• The problem: Apart from the pictures, return every line of the listing exactly.

• Dataset section:
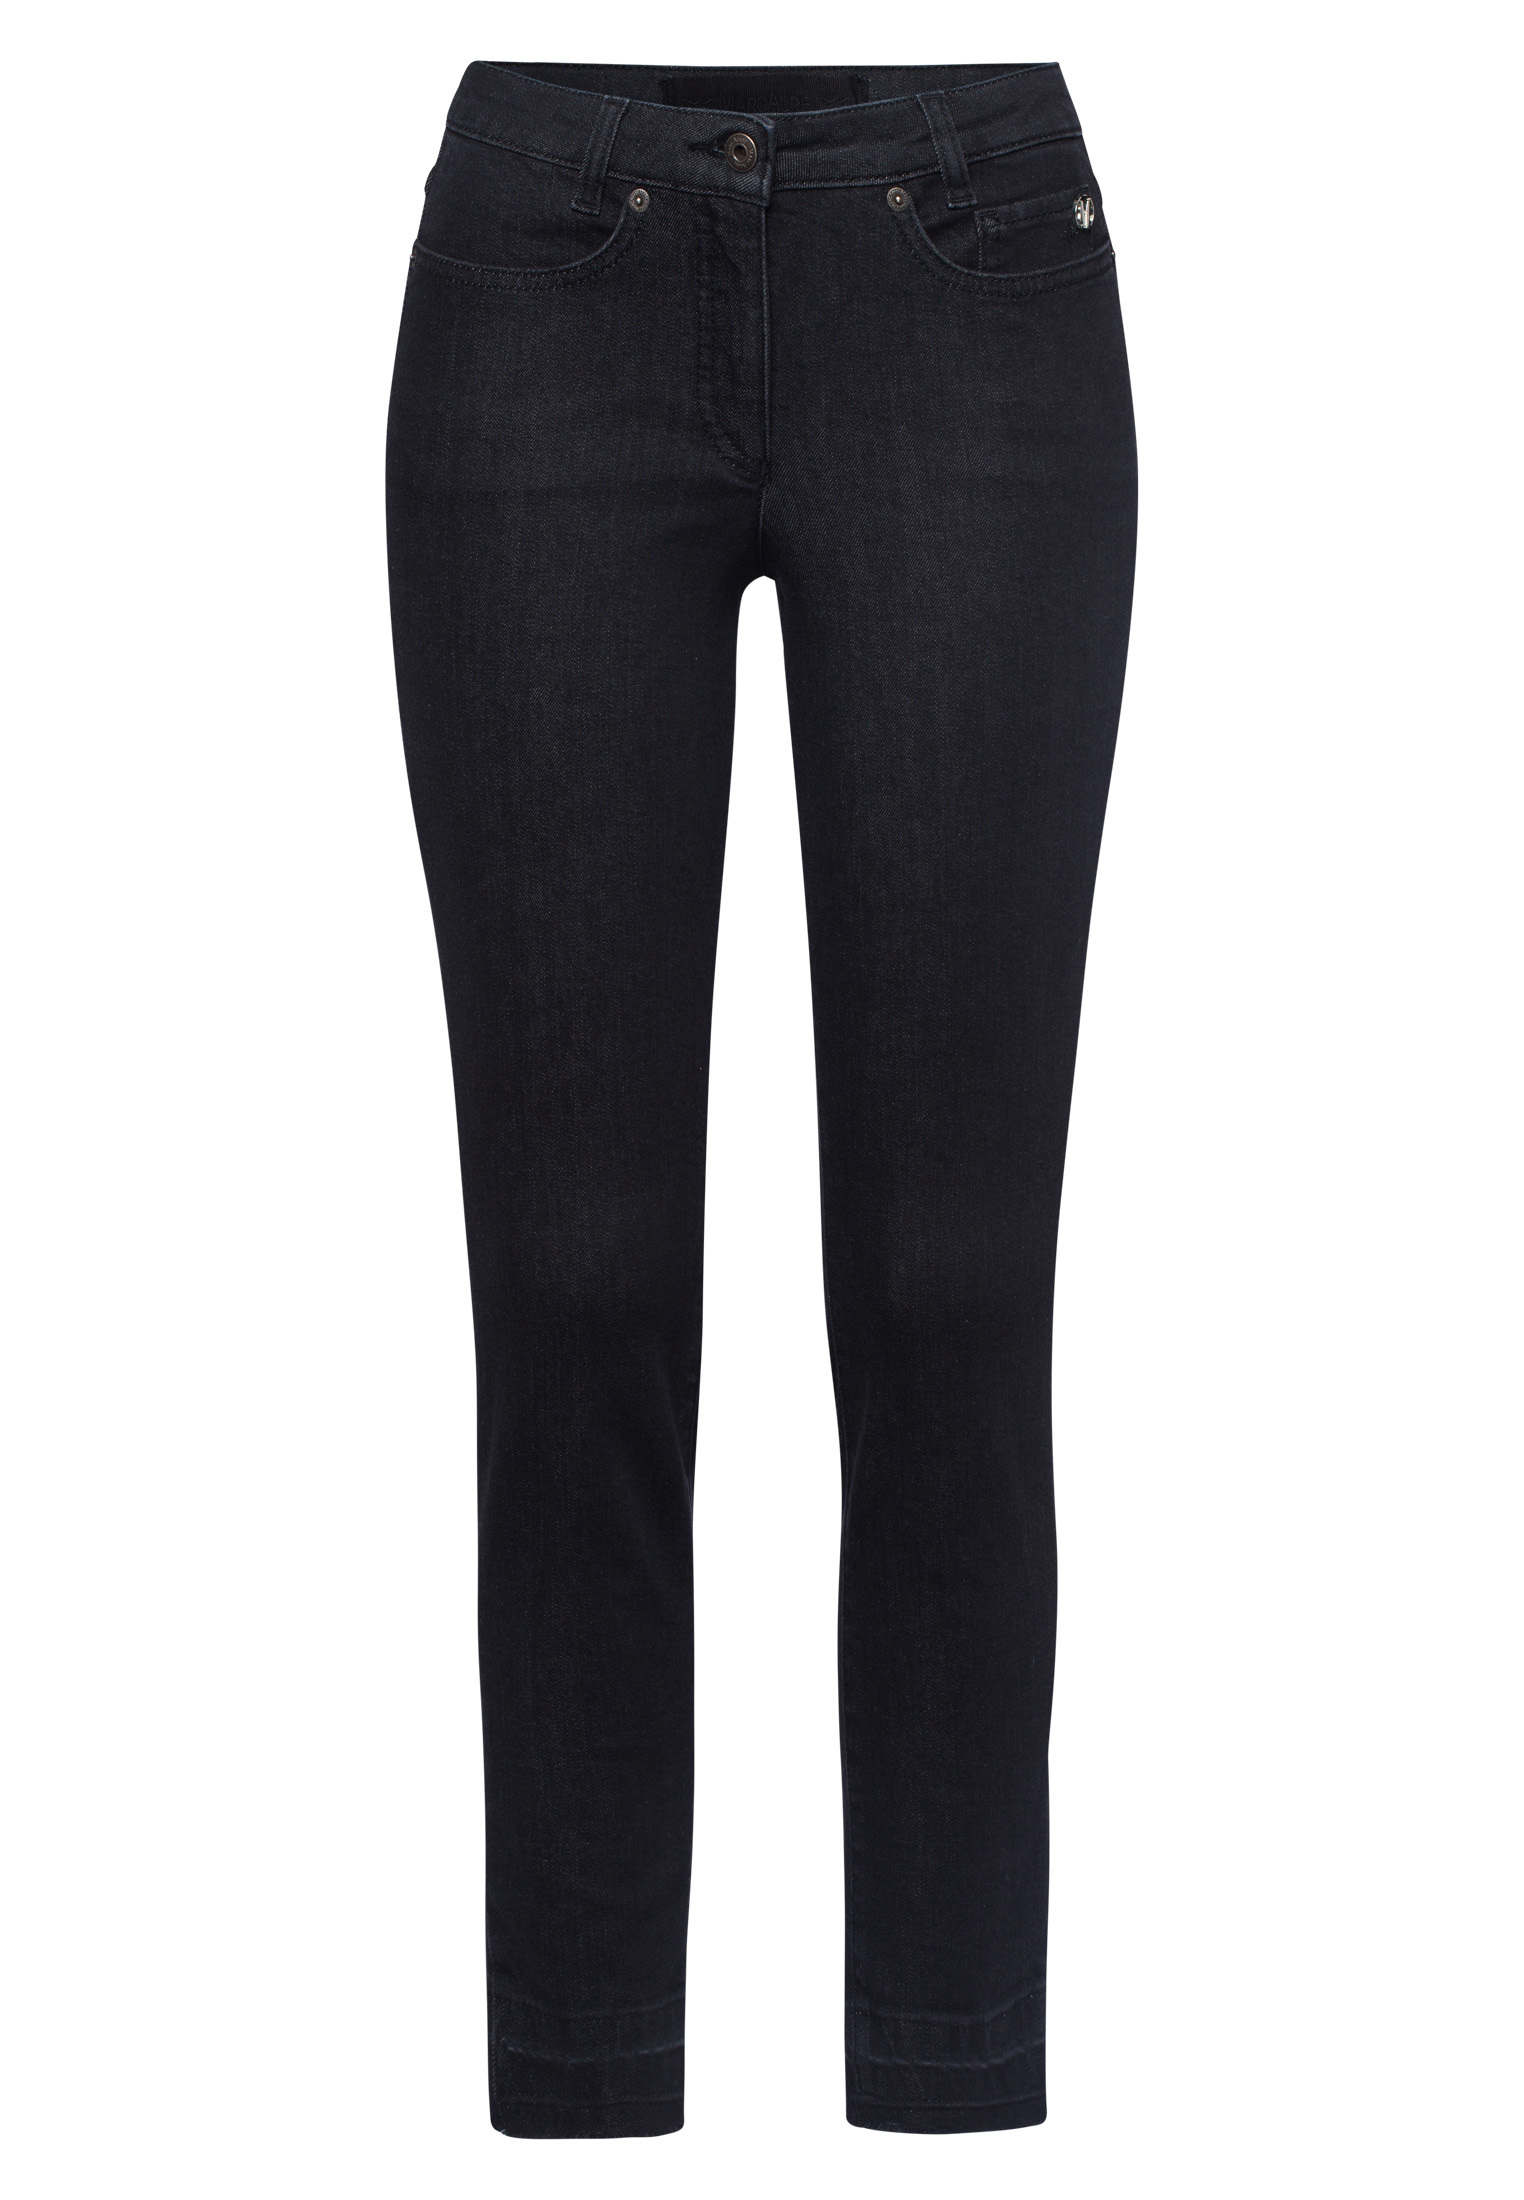 Jeans five-pocket style | Trousers & Jeans | Sale
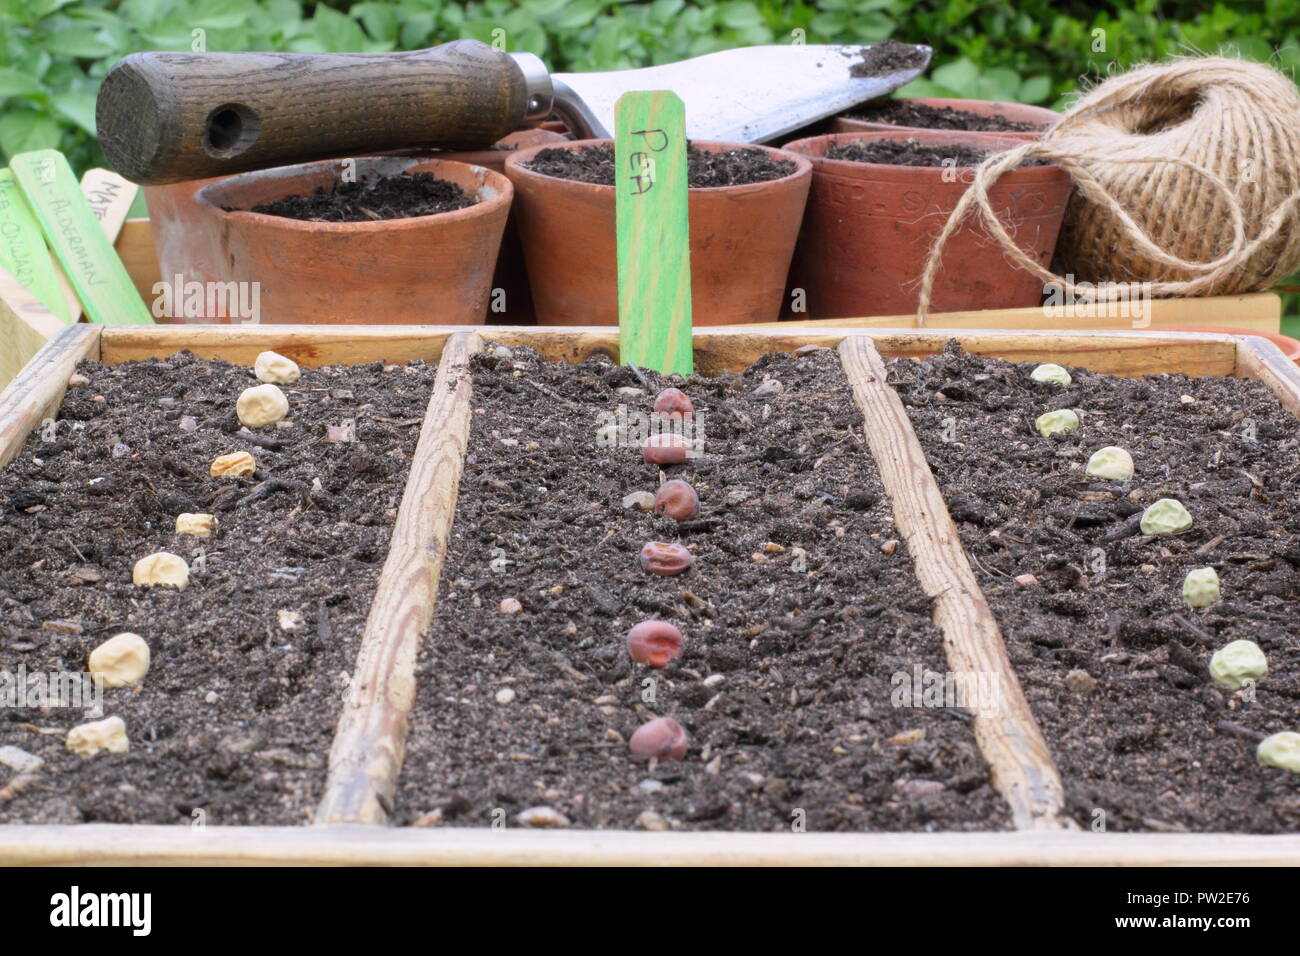 Pisum sativum. Sowing pea seeds 'Onward', Shiraz' and 'Alderman' in wooden tray to start the plants off under cover, UK Stock Photo
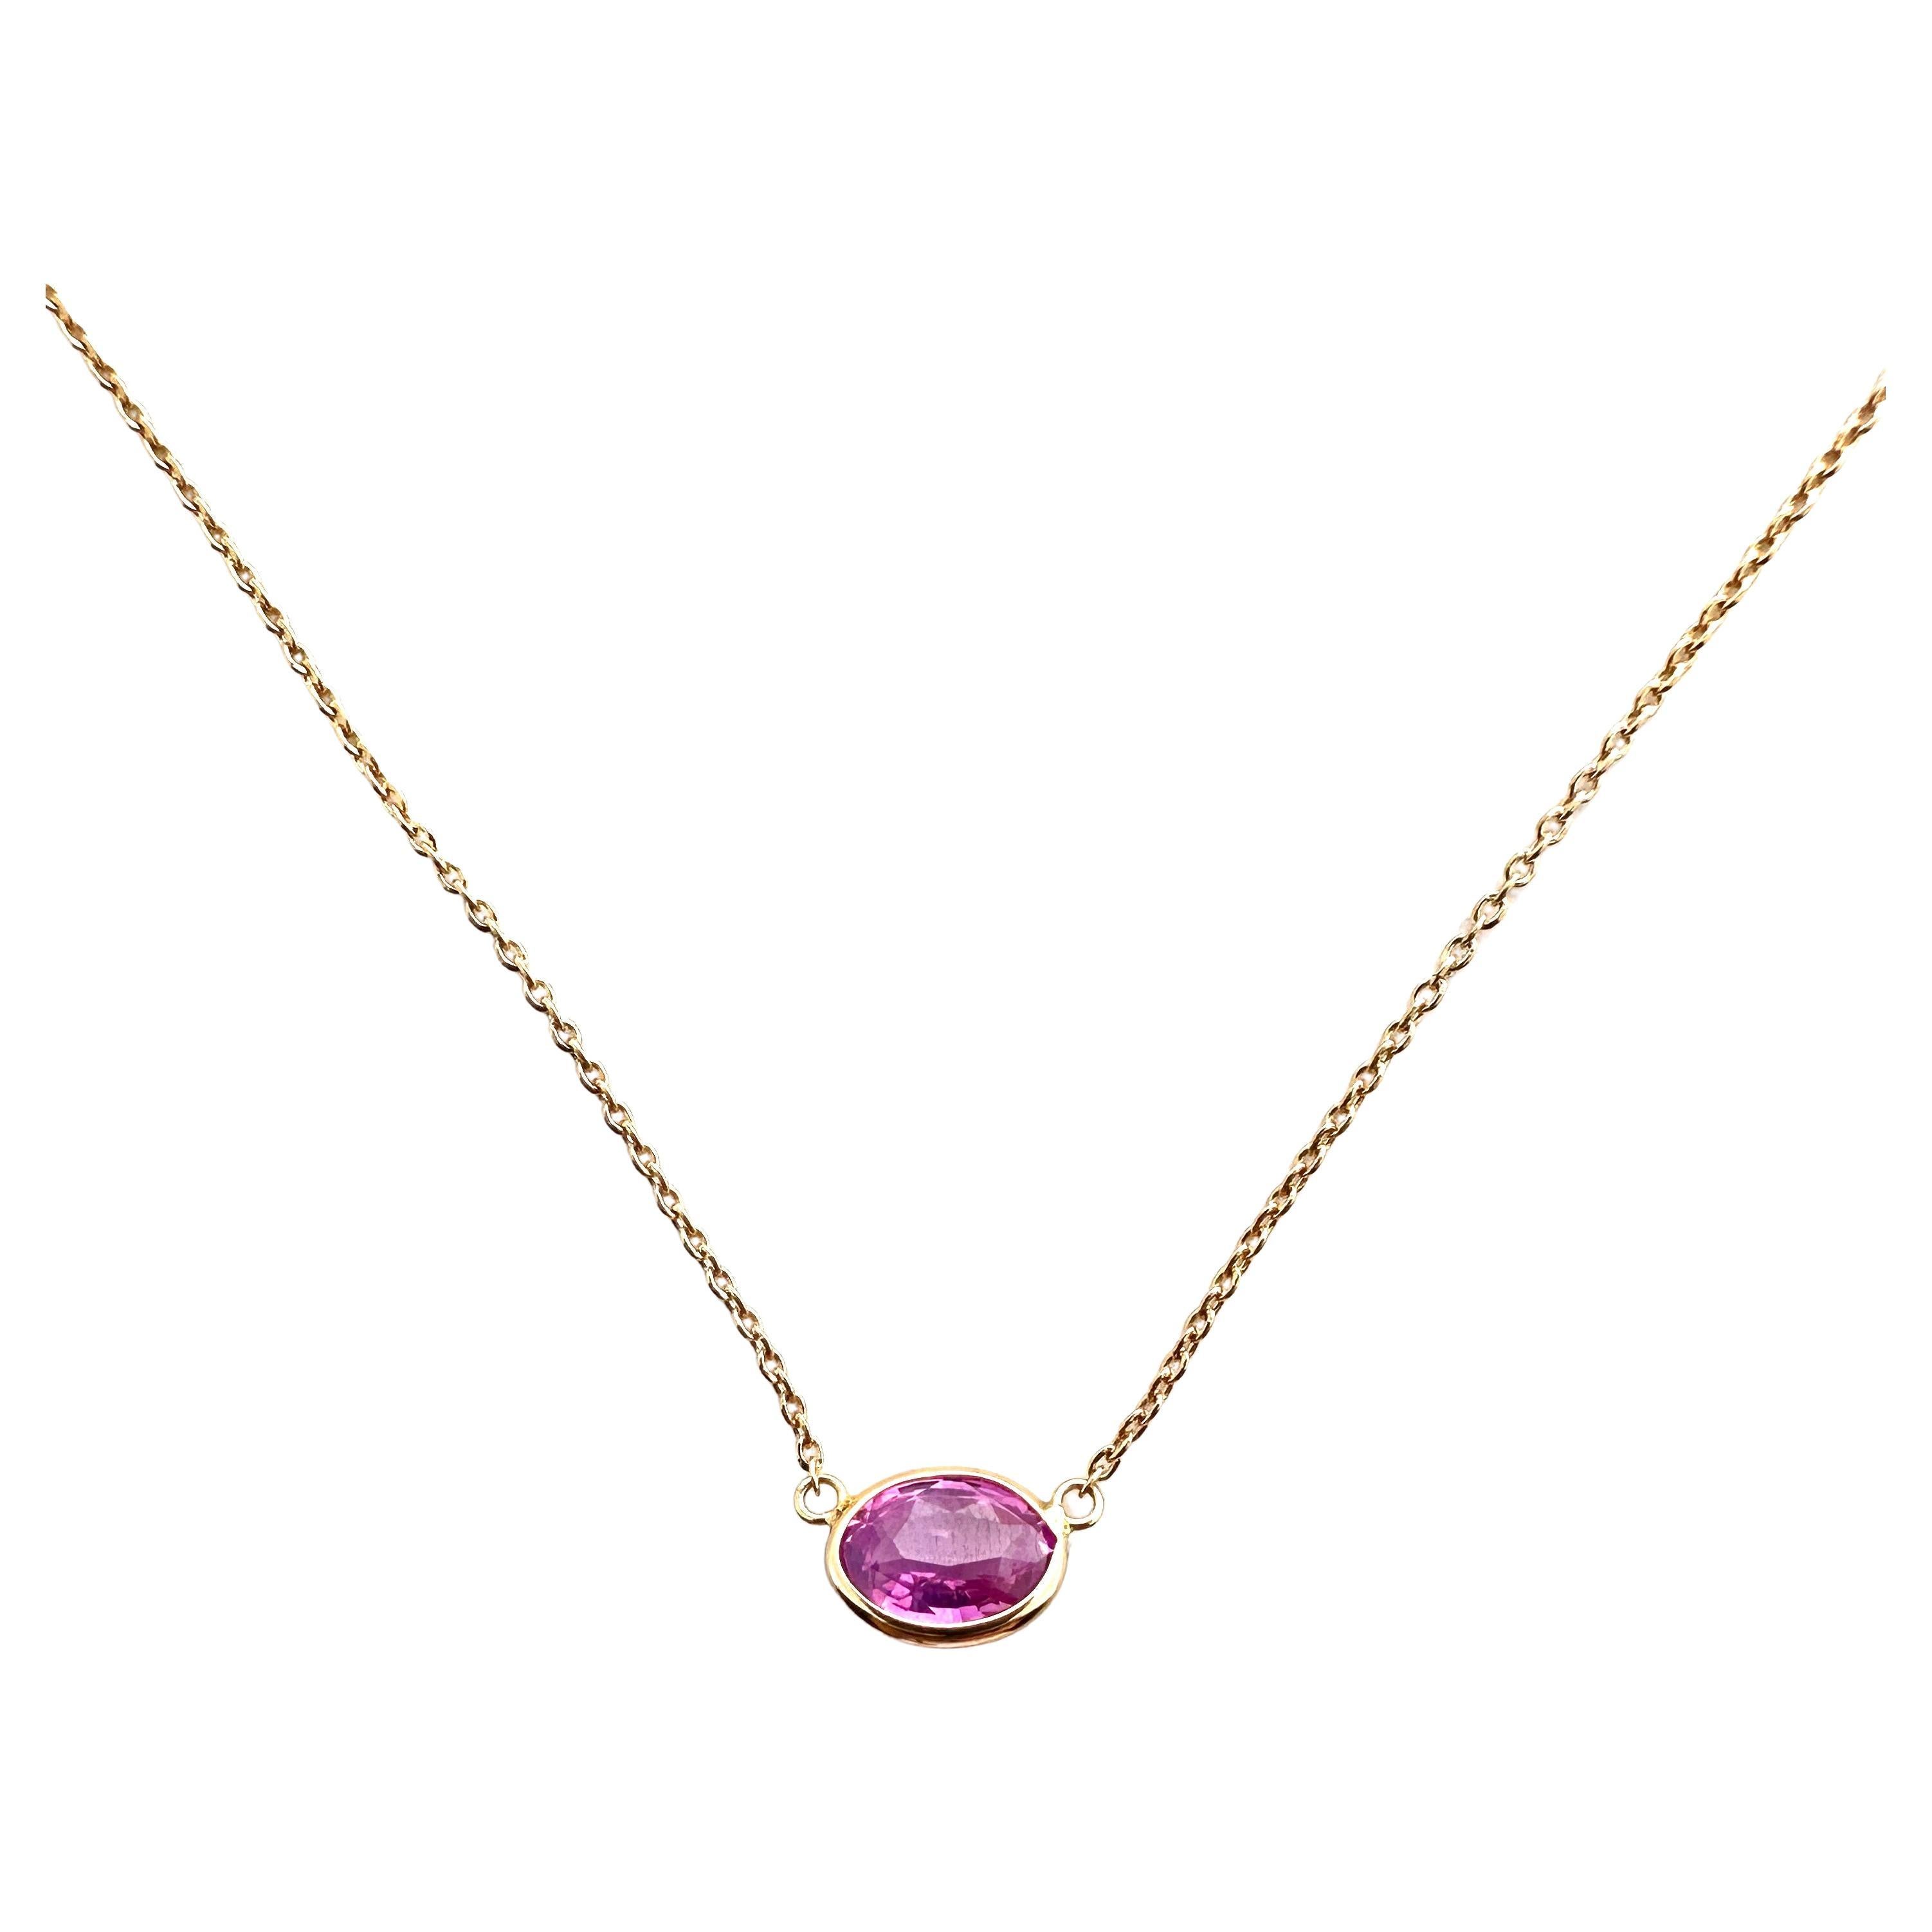 1.74 Ct Weight Certified Pink Sapphire Oval Cut Solitaire Necklace In 14K RG For Sale

• Exercise response:
 Jeans five-pocket style | Trousers & Jeans | Sale
 Pisum sativum. Sowing pea seeds 'Onward', Shiraz' and 'Alderman' in wooden tray to start the plants off under cover, UK Stock Photo
 1.74 Ct Weight Certified Pink Sapphire Oval Cut Solitaire Necklace In 14K RG For Sale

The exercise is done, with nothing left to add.